Miho Hazama: Dancer in Nowhere (Sunnyside)

A review of the third album from the composer

Dancer in Nowhere by Miho Hazama
Cover of Dancer in Nowhere by Miho Hazama

It isn’t a coincidence that the three albums Miho Hazama has recorded with her 13-piece “m_unit,” most recently Dancer in Nowhere, convey a sense of movement that is both tangible and ethereal. Hazama’s compositions are at once strikingly restless and reassuringly lithe. She knows how to conjure impressionistic clouds that blossom into clarity, and create clearings for soloists to make their case before a new juxtaposition reveals itself.

Sometimes these changes have a long arc, as on “Somnambulant,” which opens with wordless vocals from Kavita Shah, a stark simplicity enriched by hovering strings and then horns. You expect the breathy tenor solo from Jason Rigby that eventually ensues, but the filigreed electric guitar solo from guest Lionel Loueke comes out of nowhere. By contrast the next track, “Il Paradiso del Blues,” is a rapidly-changing, reed-driven festival of horns, Latin spice with a pinch of Count Basie, highlighted by the birdlike modulations of alto Steve Wilson, followed closely by drummer Jake Goldbas and eventually yielding to a baritone saxophone solo from Andrew Gutauskas. The muscular “The Cyclic Number” leads with a Mingus-like bass solo from Sam Anning, features the vibes of James Shipp and stops short for an extended viola break from Atsuki Yoshida.

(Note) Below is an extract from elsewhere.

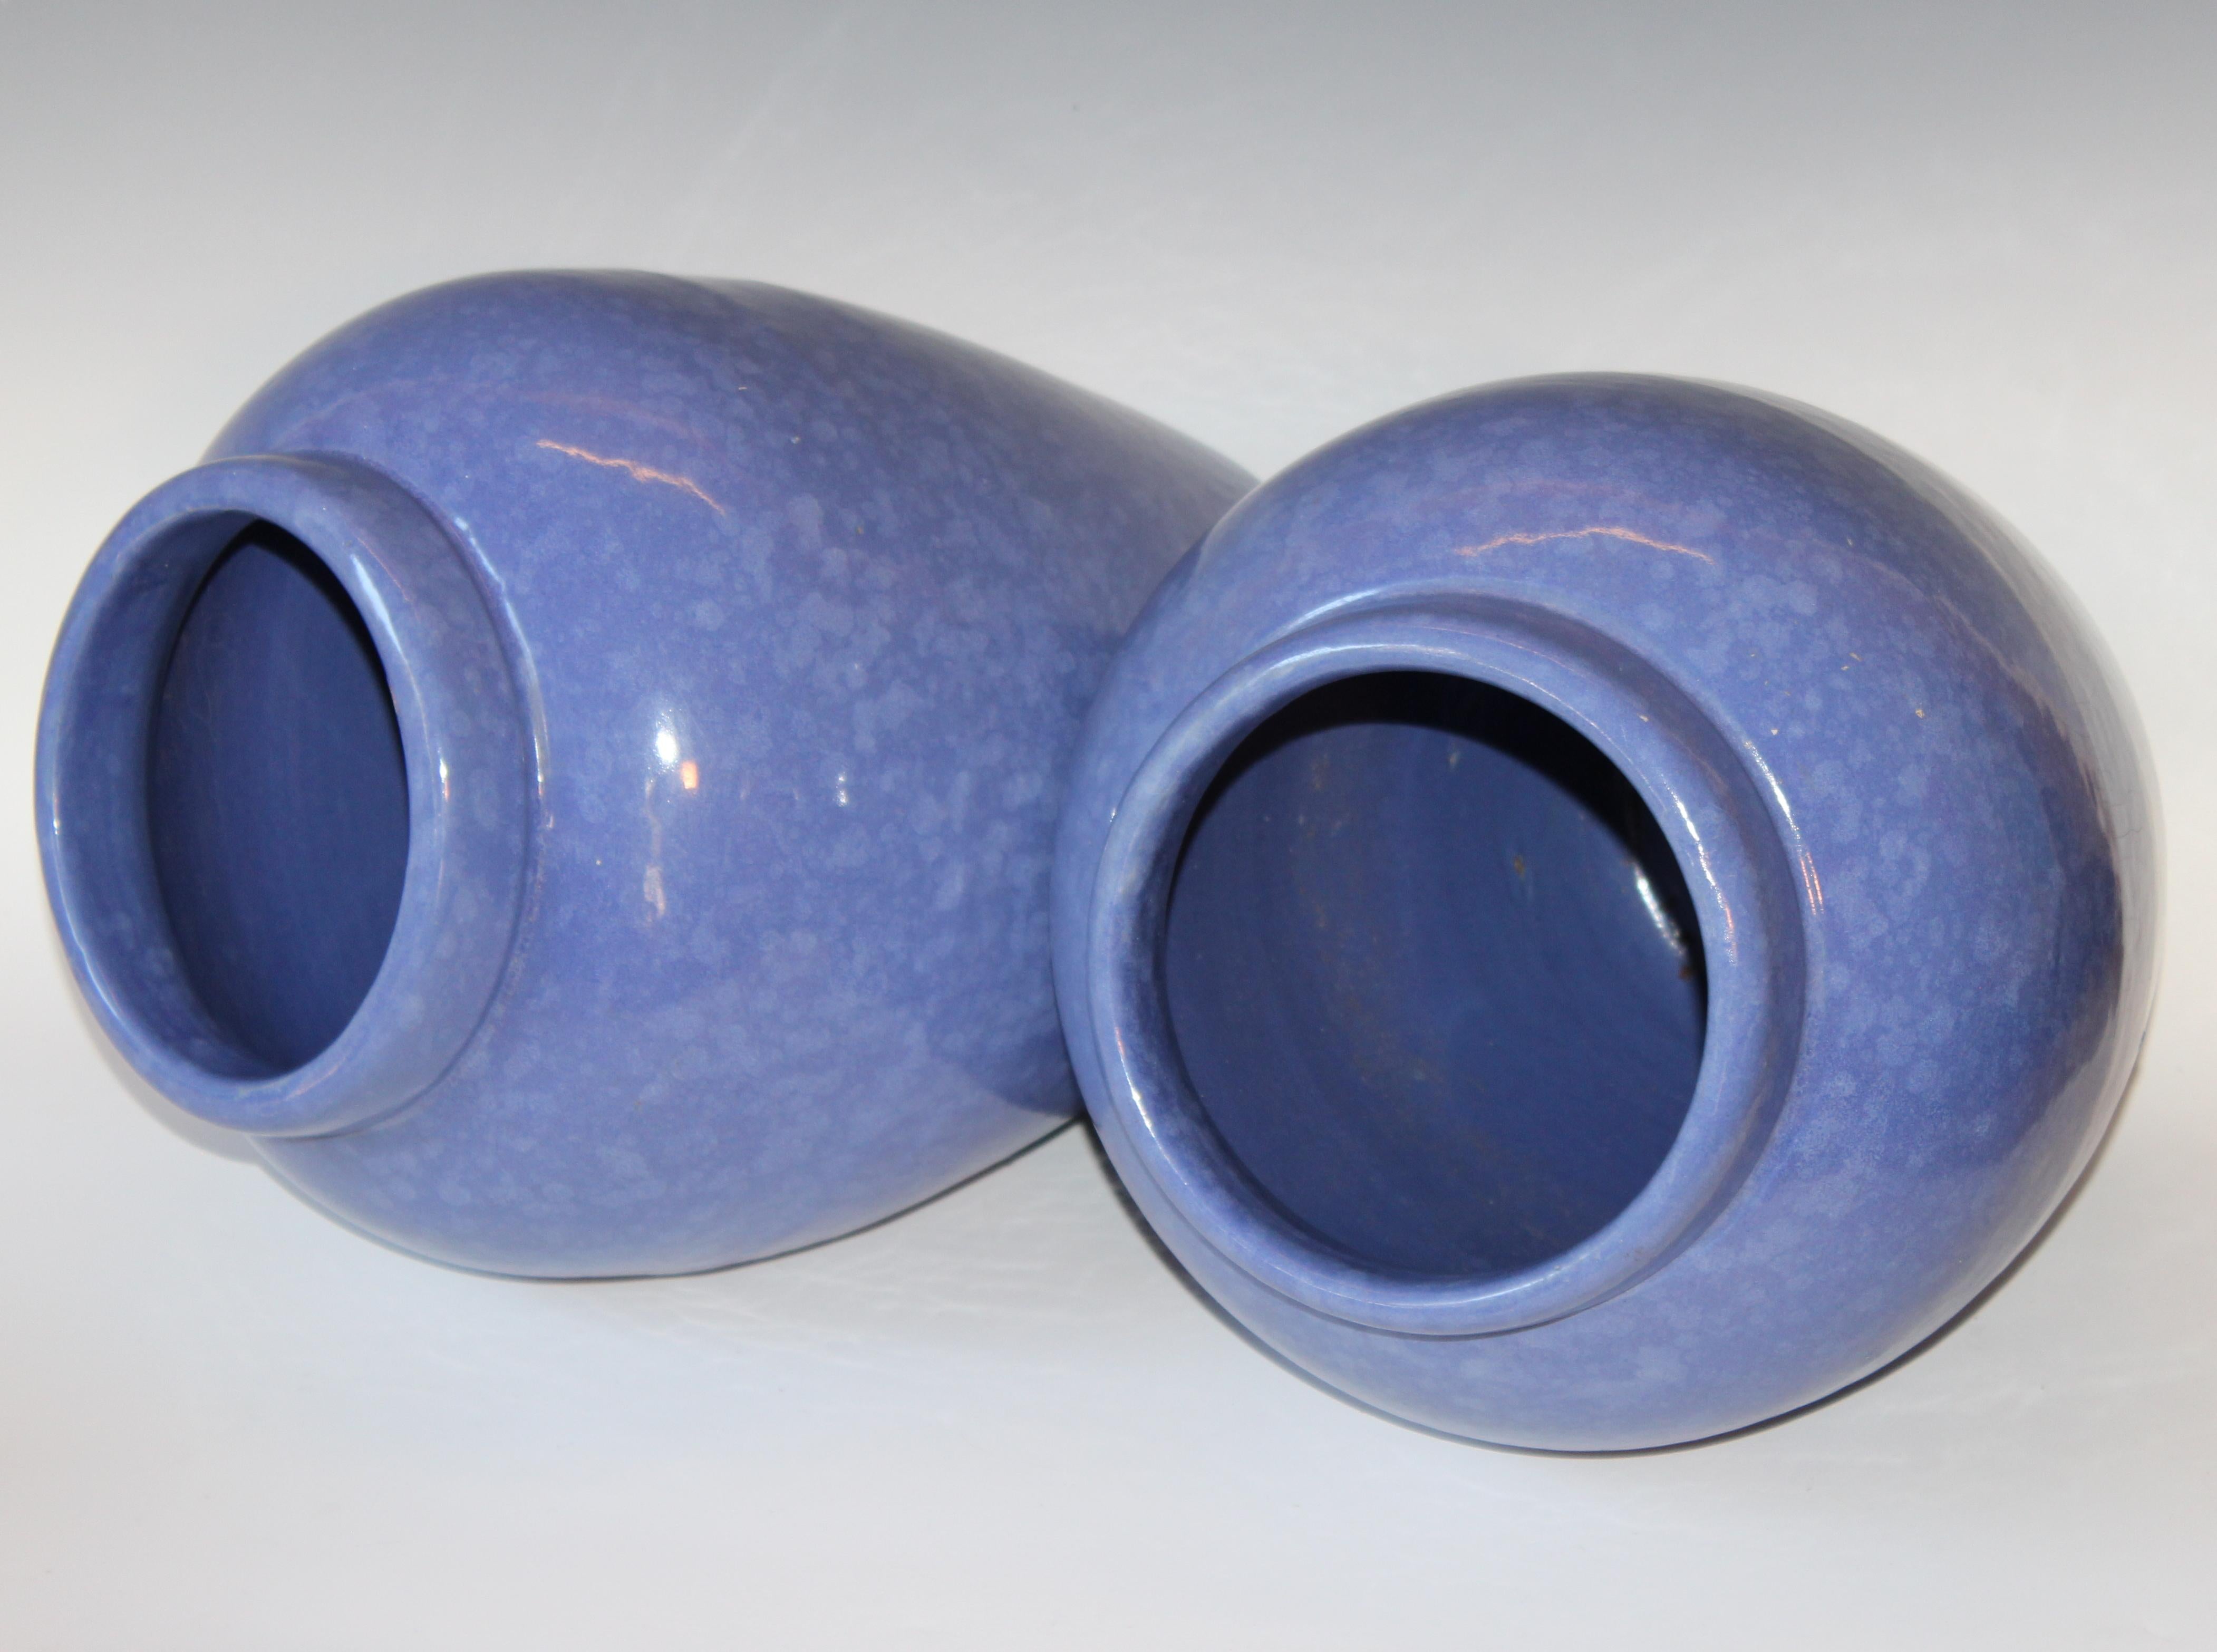 Molded RRP CO Oil Jars McCoy Vases Mottled Blue Large Vintage Floor Pottery Urns, Pair

The least successful numbers are the final two. After covering Lady Gaga and then A Perfect Circle on the first two m_unit albums, Hazama’s lone non-original this time is John Williams’ “Olympic Fanfare and Theme,” a bad match from the opening handclaps. The closing title song is designed as a vehicle for guest Nate Wood on drums, but feels claustrophobically busy, without enough of Hazama’s trademark pivots in mood.